Надо отдать ей должное. Подробности о шантаже и угрозах она выкладывала не менее вдохновенно, чем предыдущую сказку.
— Ну вот, — ухмыльнулся Макмерфи, вытаскивая кассету, — шоу продолжается. Завтра твой дебют, потом сразу ее выход, на бис, так сказать. Чтобы ты немного взбодрился, я приготовил для тебя маленький подарок. — Он достал из кармана и протянул Григорьеву глянцевый конверт, на котором был нарисован симпатичный белый зайчик с розовыми ушками, а над ним кудрявыми золотыми буквами написано: "Привет, папочка!"

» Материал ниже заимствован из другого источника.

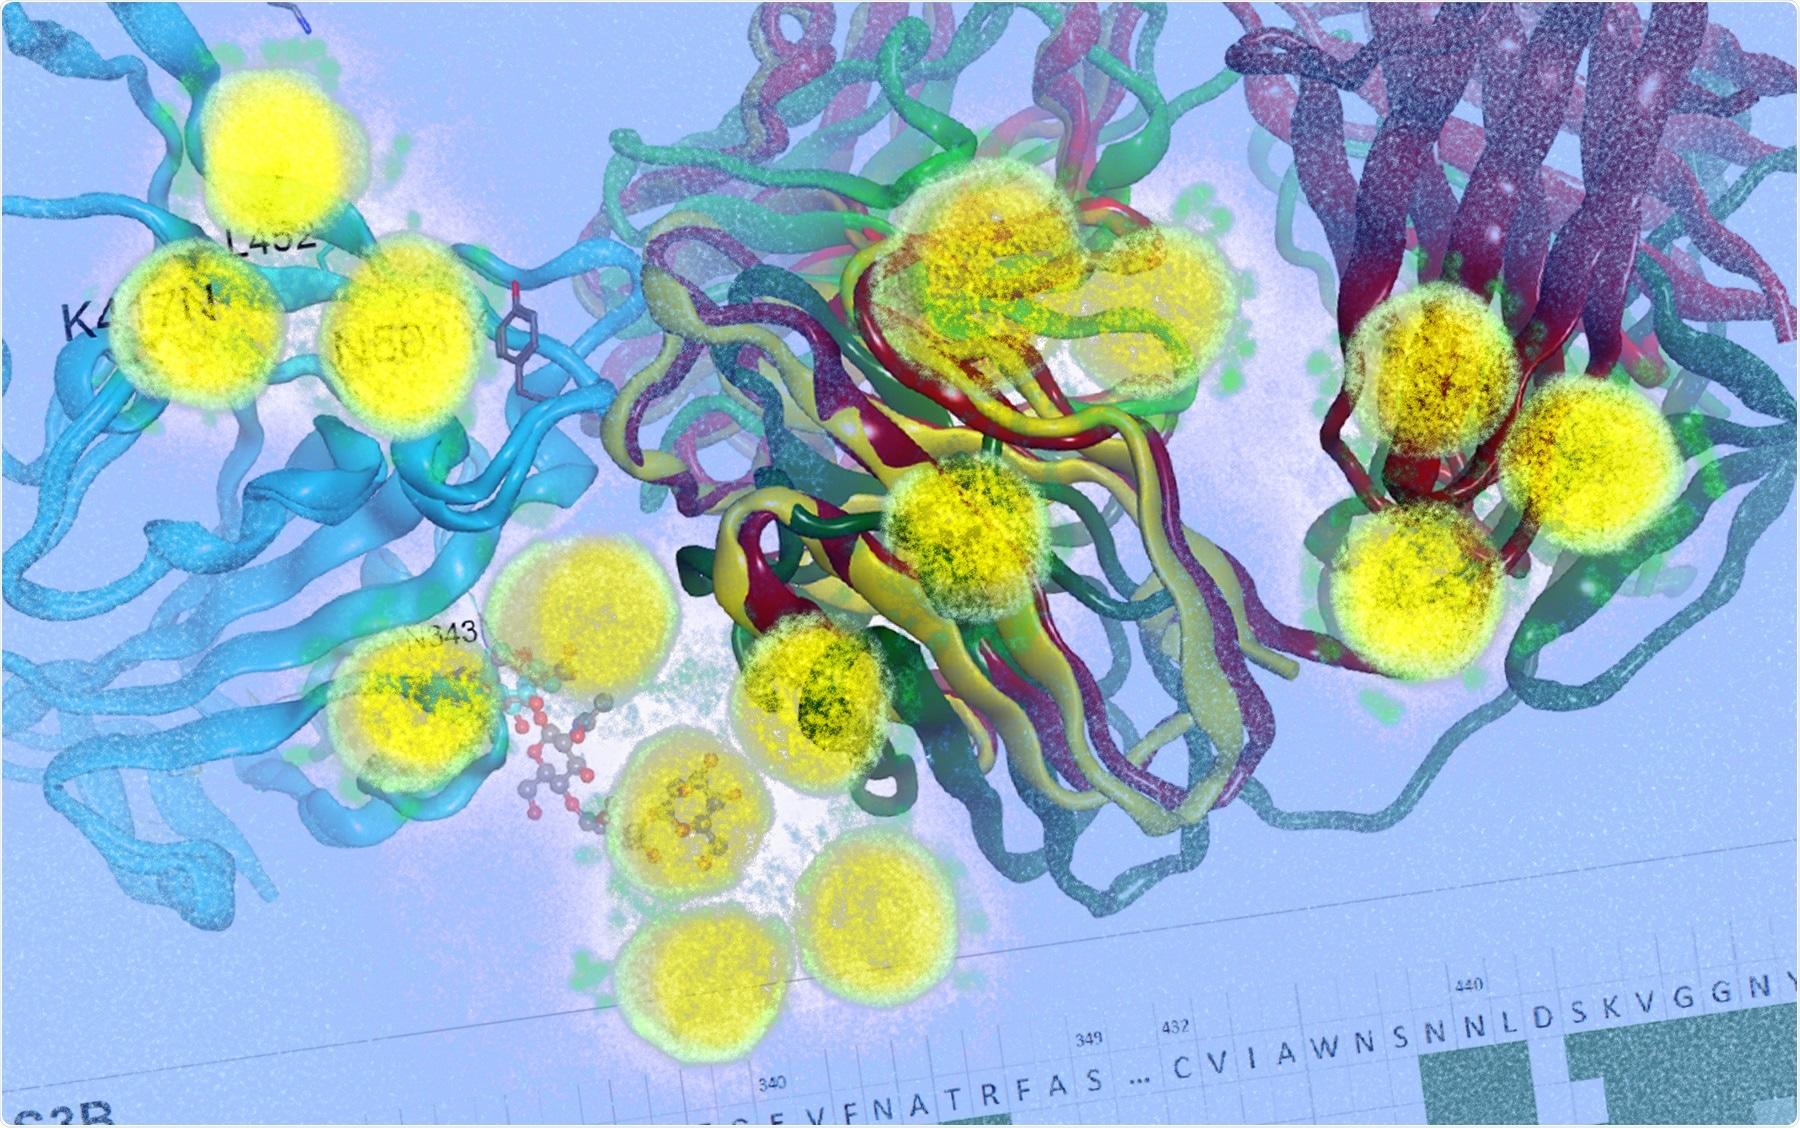 Study: LY-CoV1404 potently neutralizes SARS-CoV-2 variants. Image Credit: NIAID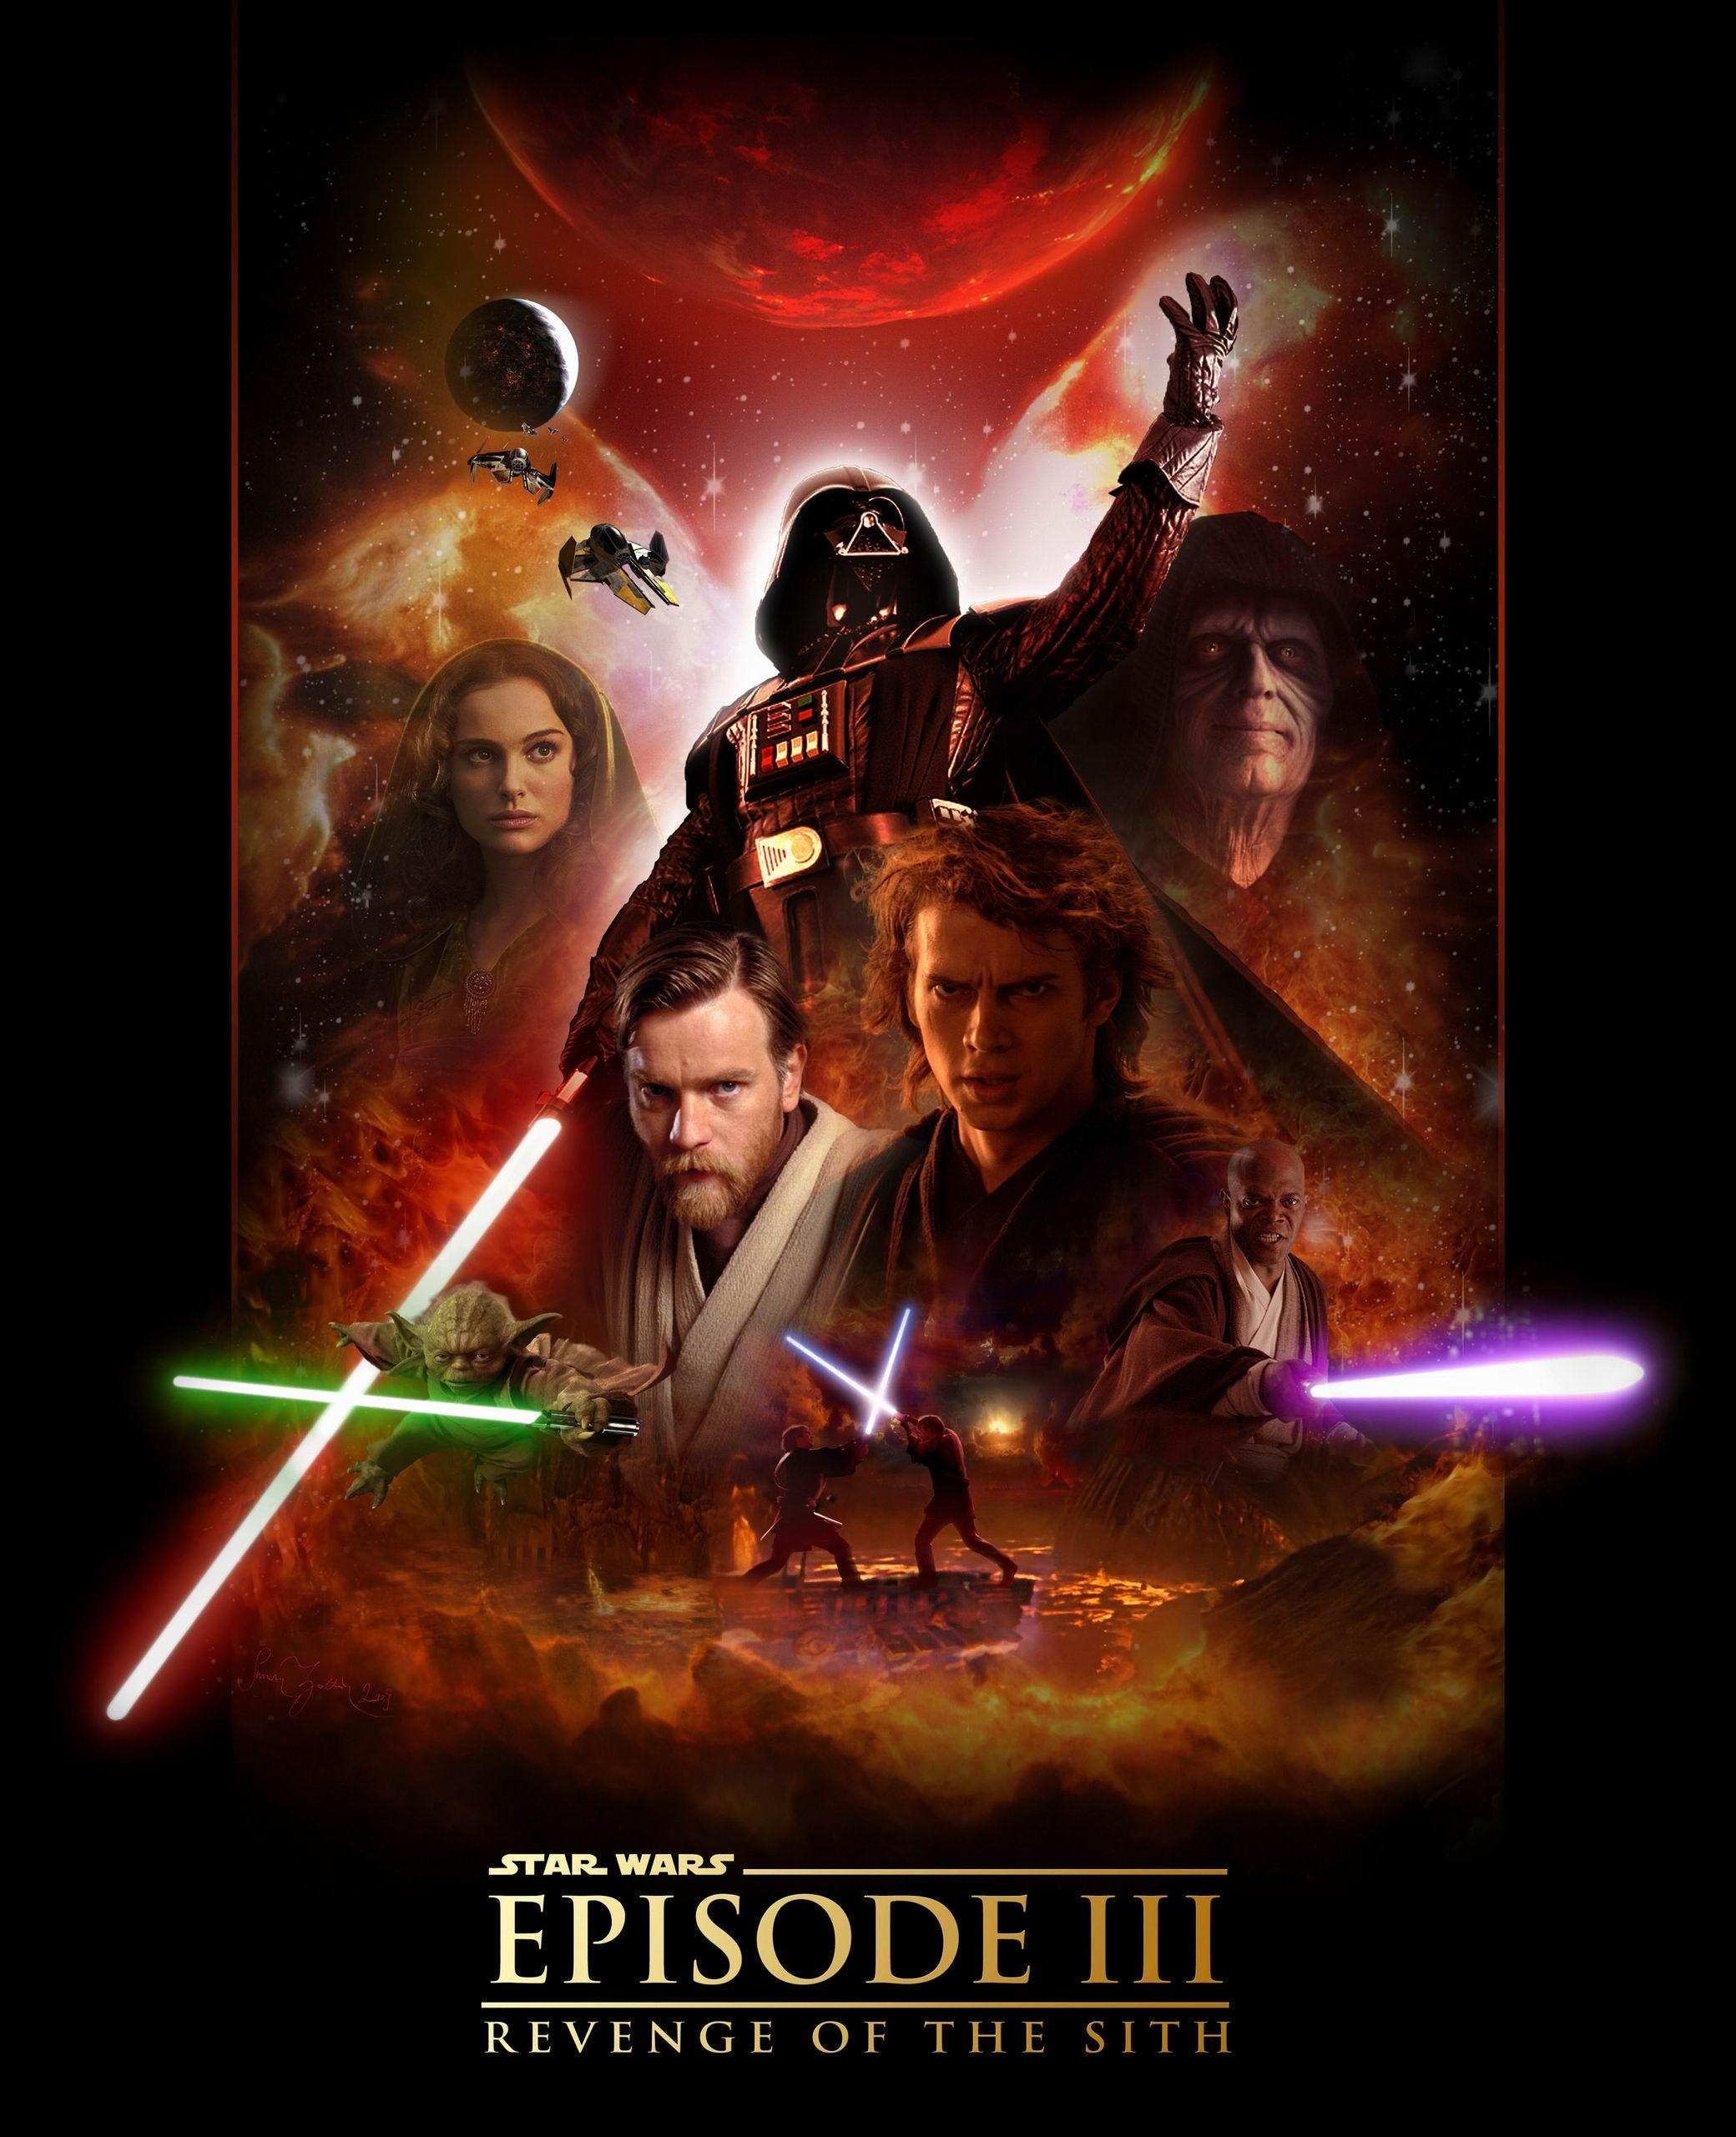 STAR WARS EPISODE III REVENGE OF THE SITH 2080x2560

Внутри оказалось Машино письмо и фотография. Снимок был немного измят, уголок надорван. От письма исходил едва уловимый запах каких-то сладких индийских благовоний, запах борделя.
Полина ДАШКОВА
ЧУВСТВО РЕАЛЬНОСТИ
(ТОМ 2)
Глава 22
К рассвету опять пошел дождь. Он громко застучал по карнизу, и звук был похож на быструю, торжественную барабанную дробь. Дежурная сестра крепко спала в кресле у кровати. Спал охранник в своей будке у ворот, спали больные в соседних палатах.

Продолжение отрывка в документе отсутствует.